Been ok at present getting out, but worried that when the novelty of going out on my new bike wears out, i'll be less inclined to go alone. Hrs of work mean i'd struggle to make a club as regularly as id want too, so looking at other ways of keeping myself motivated. Was going to sign up for the Great Yorks ride till i realised it is next week!!!!!!!!!!


----------



## Davidc (27 May 2010)

I prefer riding with other people, but can't usually find other people who want to do so. More of a problem now in my late 50s than it used to be. It's a case of Billy No Cycling Mates.

On the other hand I do enjoy riding alone, so still go out often, and I use a bike as general local transport so it's only the same as walking or driving around alone which is the normal way of things.


----------



## Arch (27 May 2010)

I do both - most of my group rides are with forum people, or a few other friends, but I can get out and ride all day alone too.

If alone, the main problem is the initial "go on, go out!" moment.
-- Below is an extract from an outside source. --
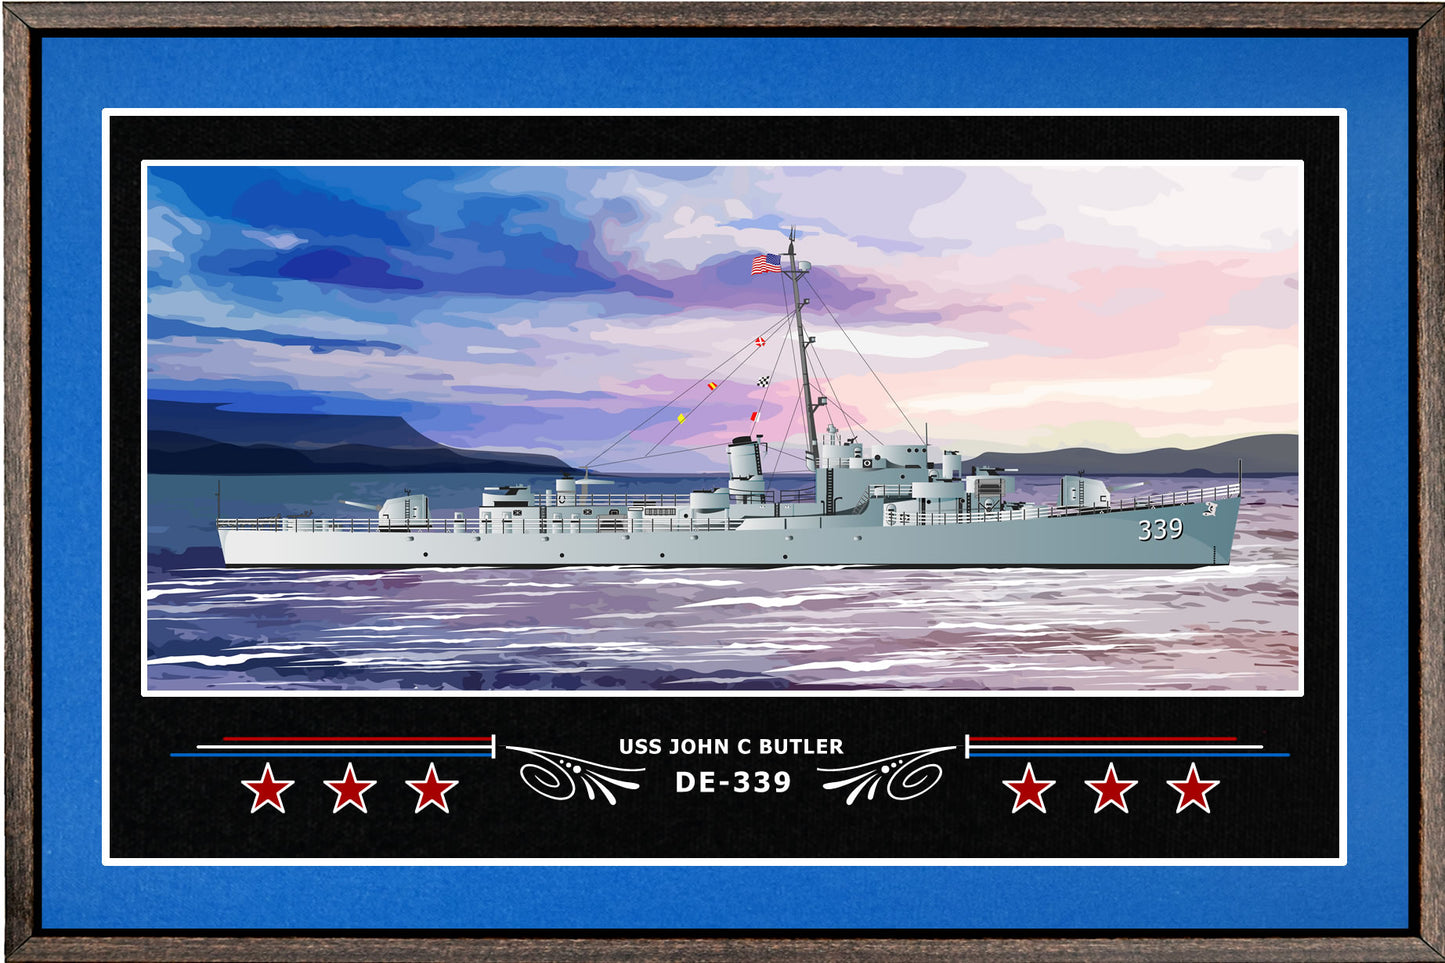 USS JOHN C BUTLER DE 339 BOX FRAMED CANVAS ART BLUE

Once I'm riding, I keep going. If I have to meet people of course, I'm committed.


----------



## Debian (27 May 2010)

I actually quite enjoy cycling alone. I can go cycling when I want, at what speed I want, I can stop when I feel like it, I can slow down to admire a view, etc whenever I want to.

That's not to say I don't enjoy cycling with mates and family, I do but a lot of my riding is spur of the moment stuff, or I can't predict exactly when I can go out due to other unpredictable tasks, work etc.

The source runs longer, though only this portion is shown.